■ Records shown:
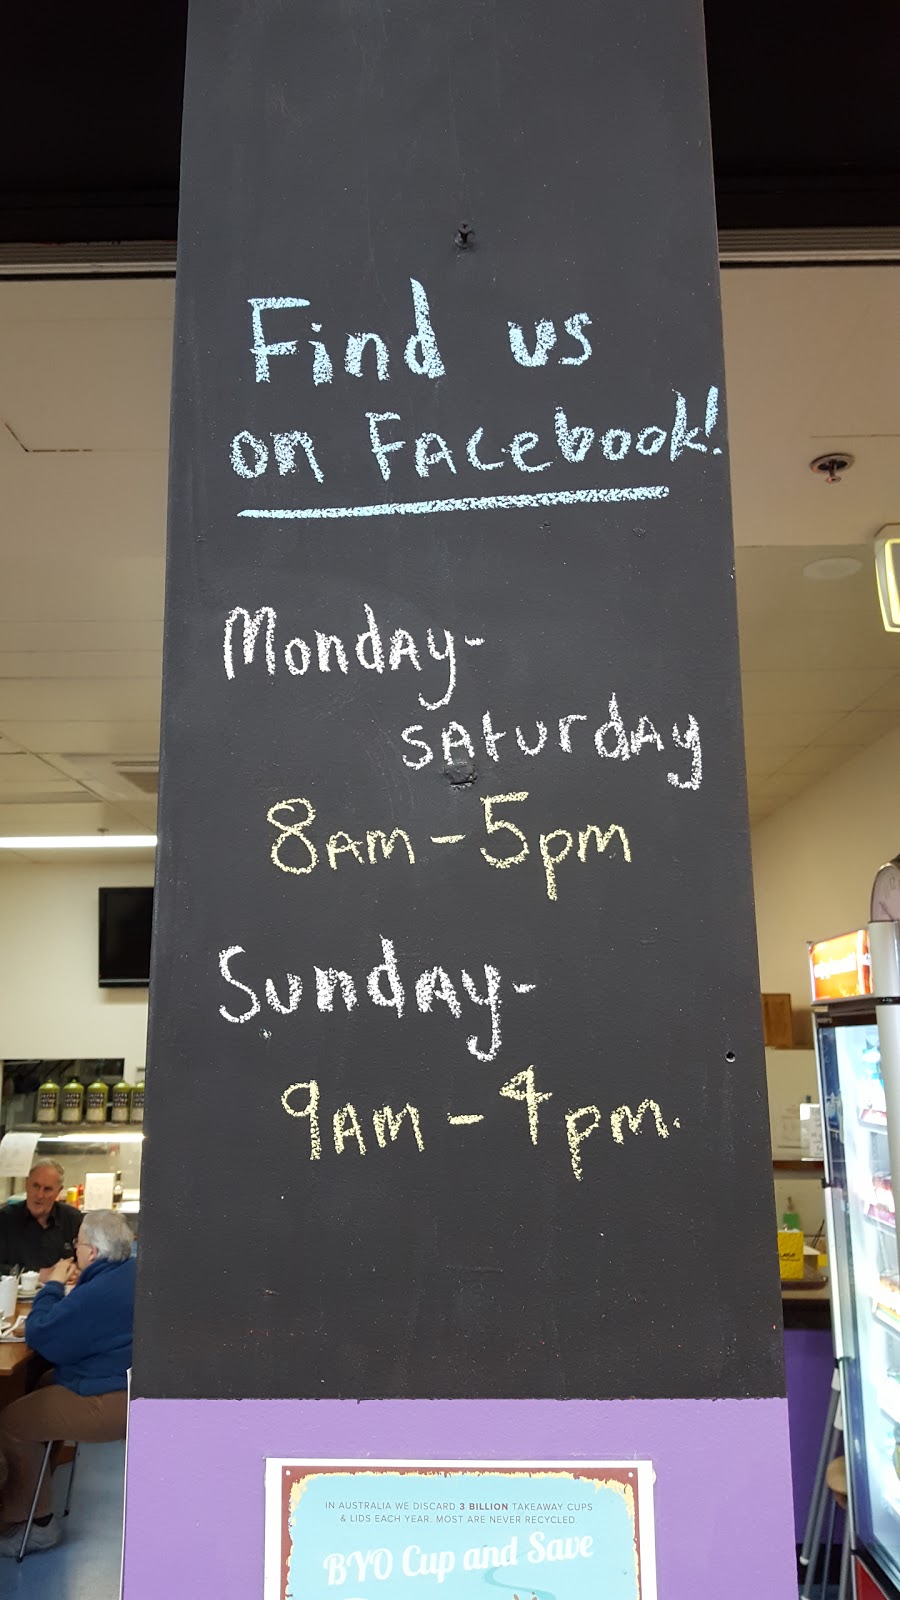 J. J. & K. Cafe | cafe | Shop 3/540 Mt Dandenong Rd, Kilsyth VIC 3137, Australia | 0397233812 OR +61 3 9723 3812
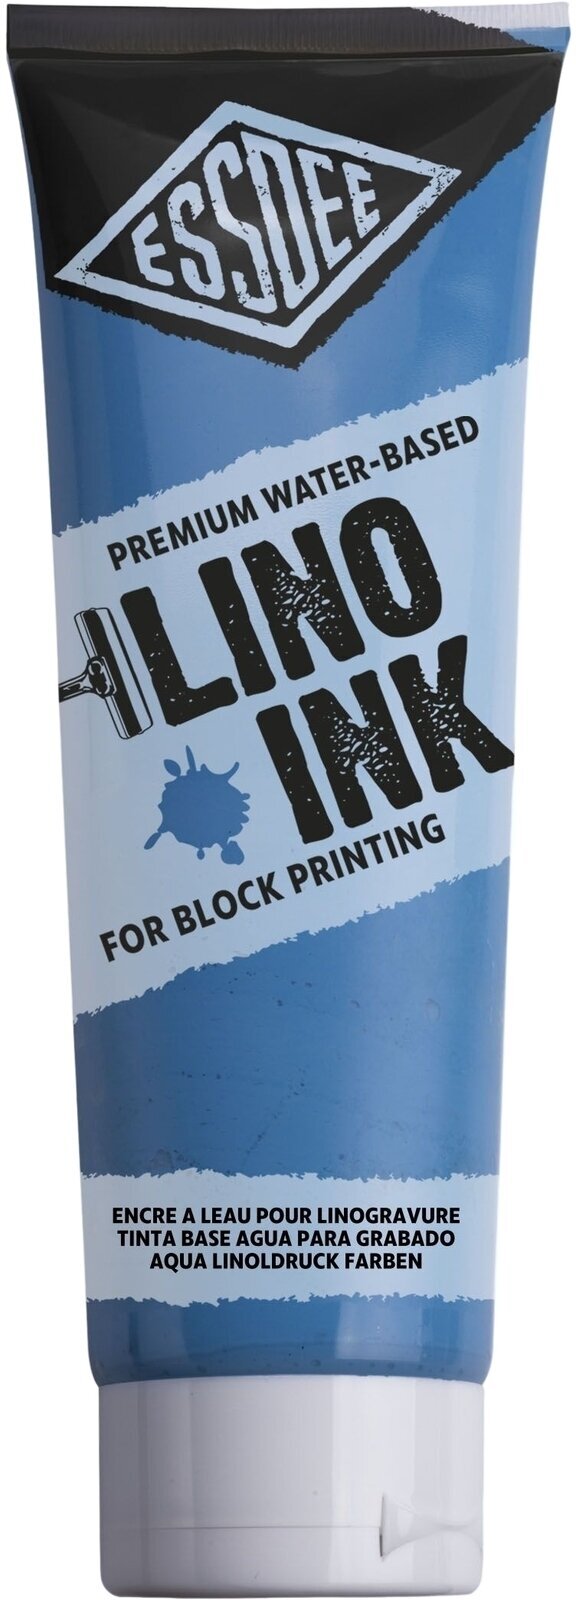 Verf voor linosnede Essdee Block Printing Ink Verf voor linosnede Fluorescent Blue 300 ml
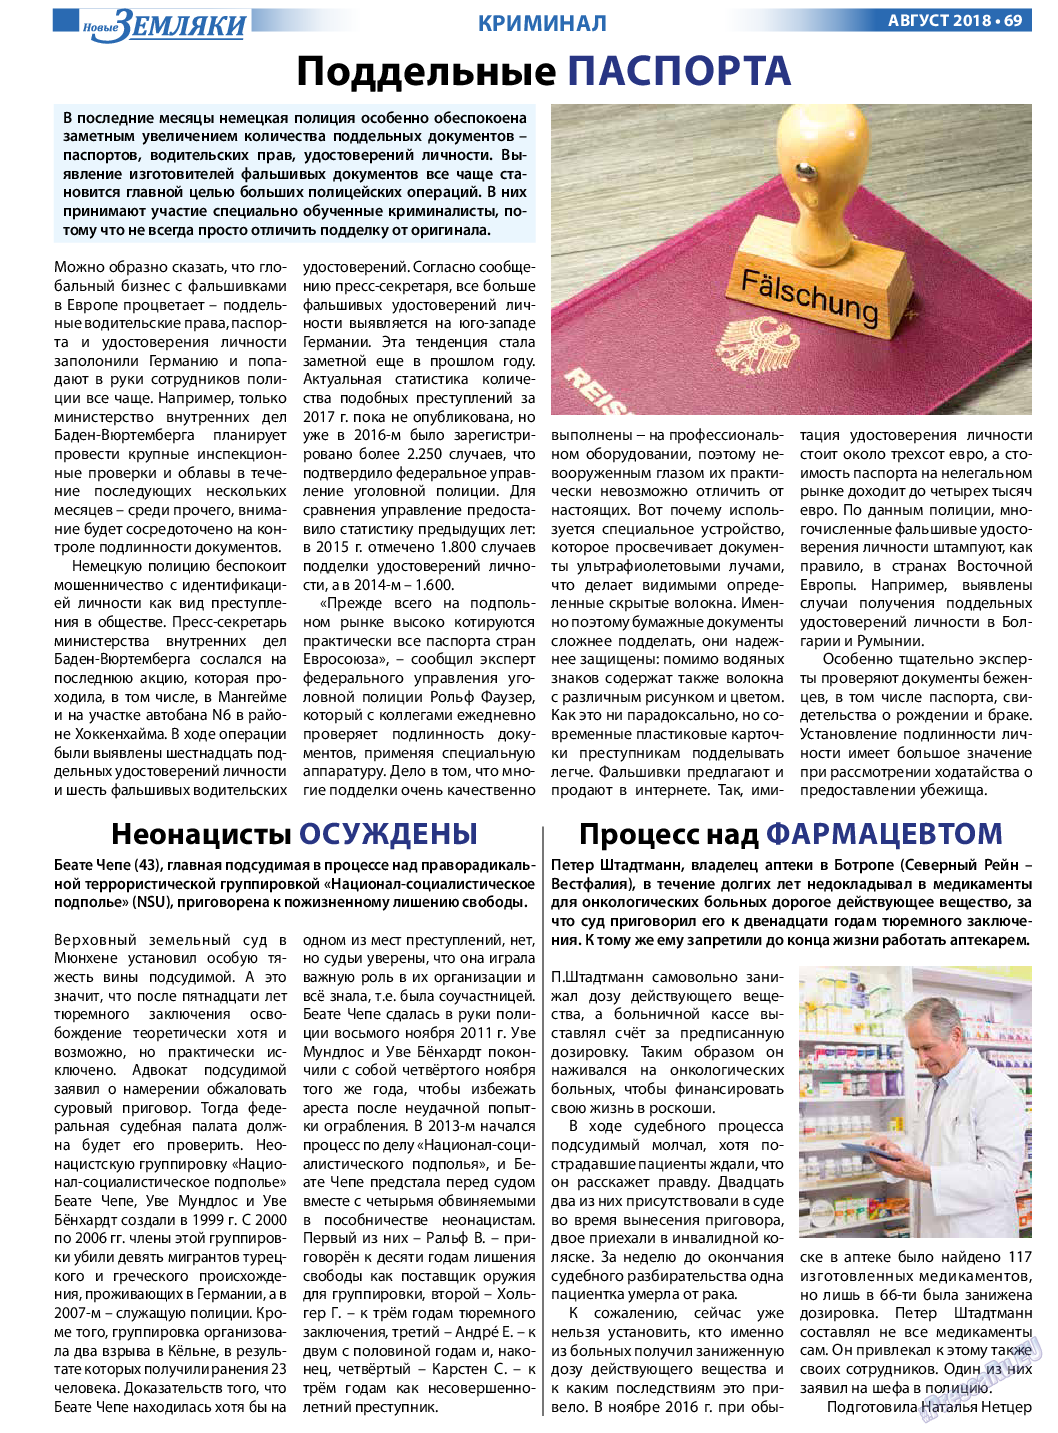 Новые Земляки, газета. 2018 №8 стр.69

--

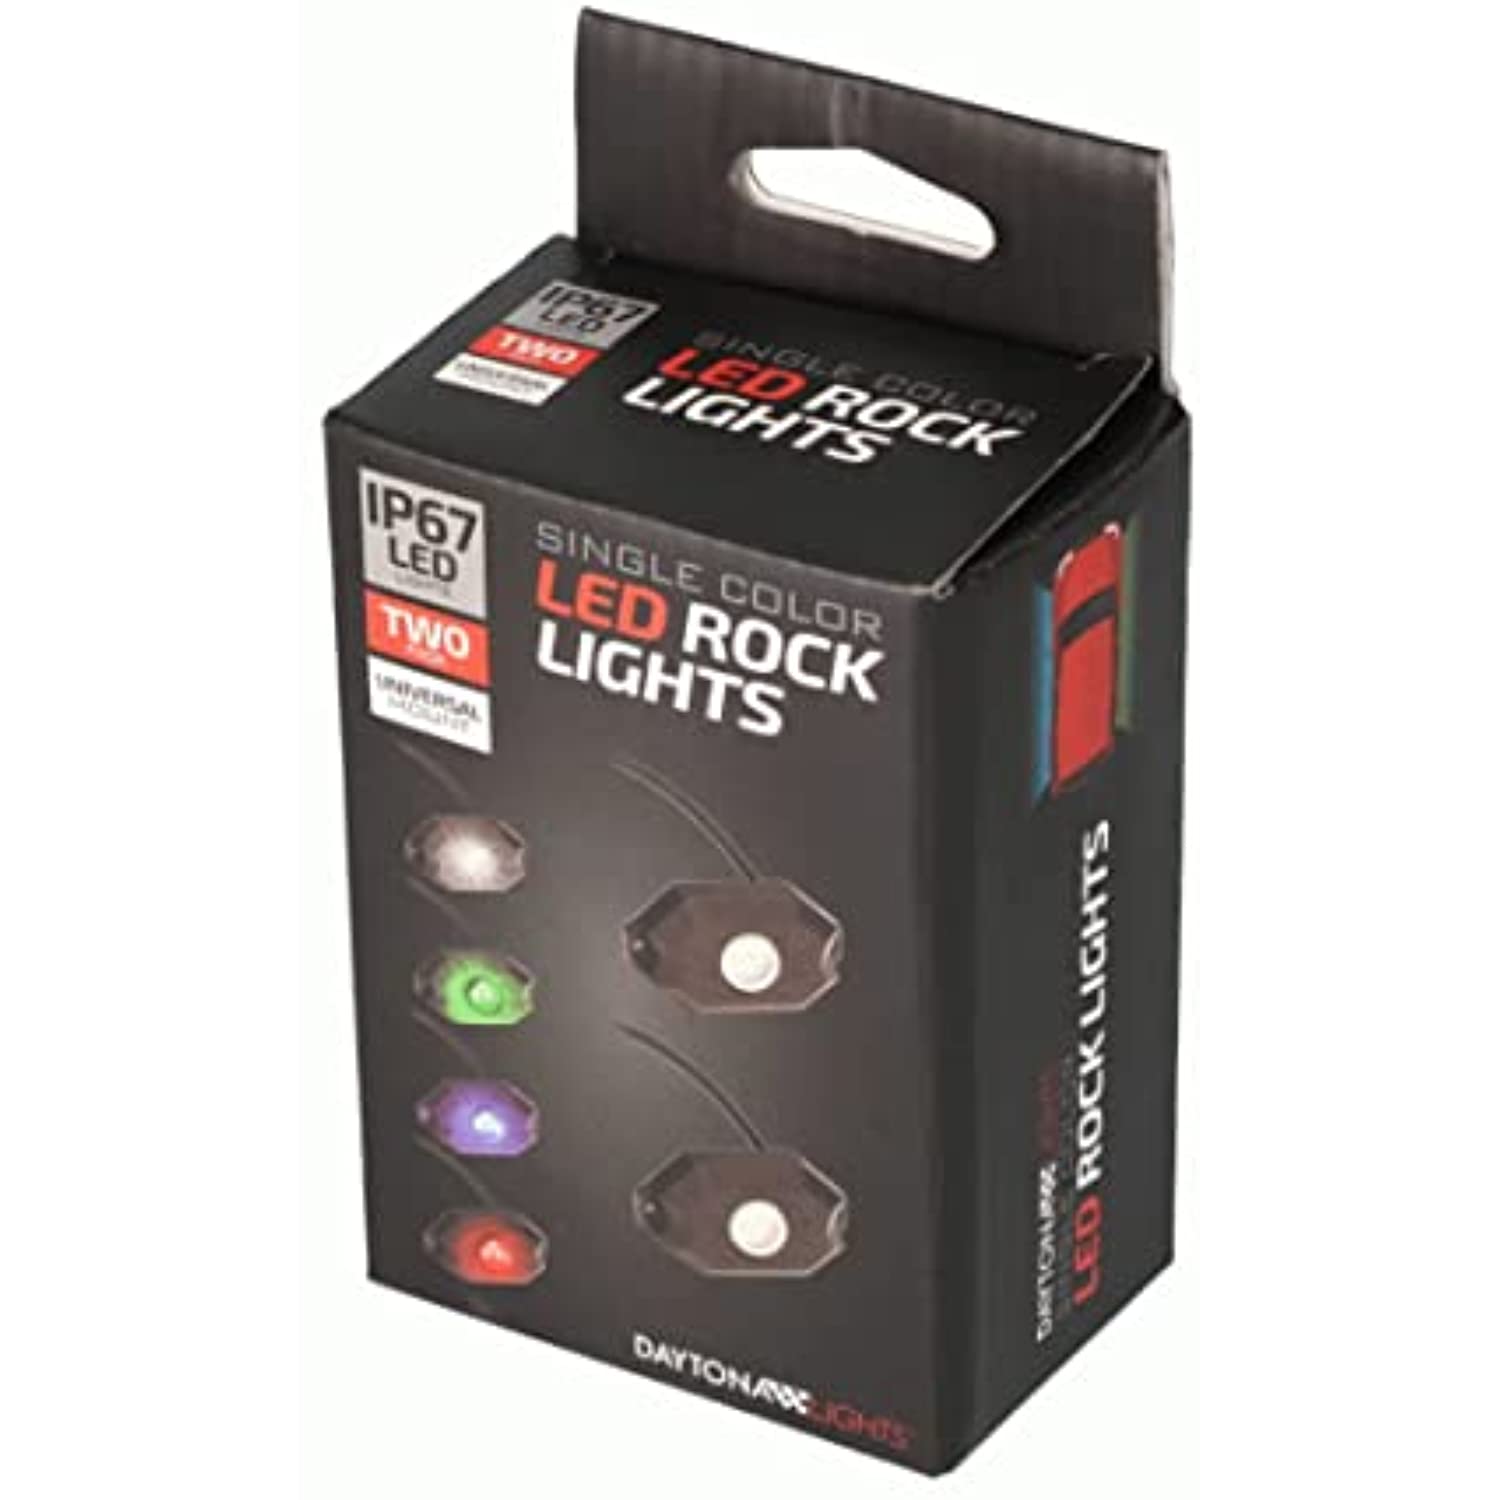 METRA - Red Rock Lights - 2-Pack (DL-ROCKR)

■ Task to complete: Extract from the material above the stretch running from the line containing "Verf voor linosnede Essdee" through the line containing "Новые Земляки, газета. 2018 №8 стр.69". Keep the text exact and the pictures out.

■ Problem solution:
 Verf voor linosnede Essdee Block Printing Ink Verf voor linosnede Fluorescent Blue 300 ml
 Новые Земляки, газета. 2018 №8 стр.69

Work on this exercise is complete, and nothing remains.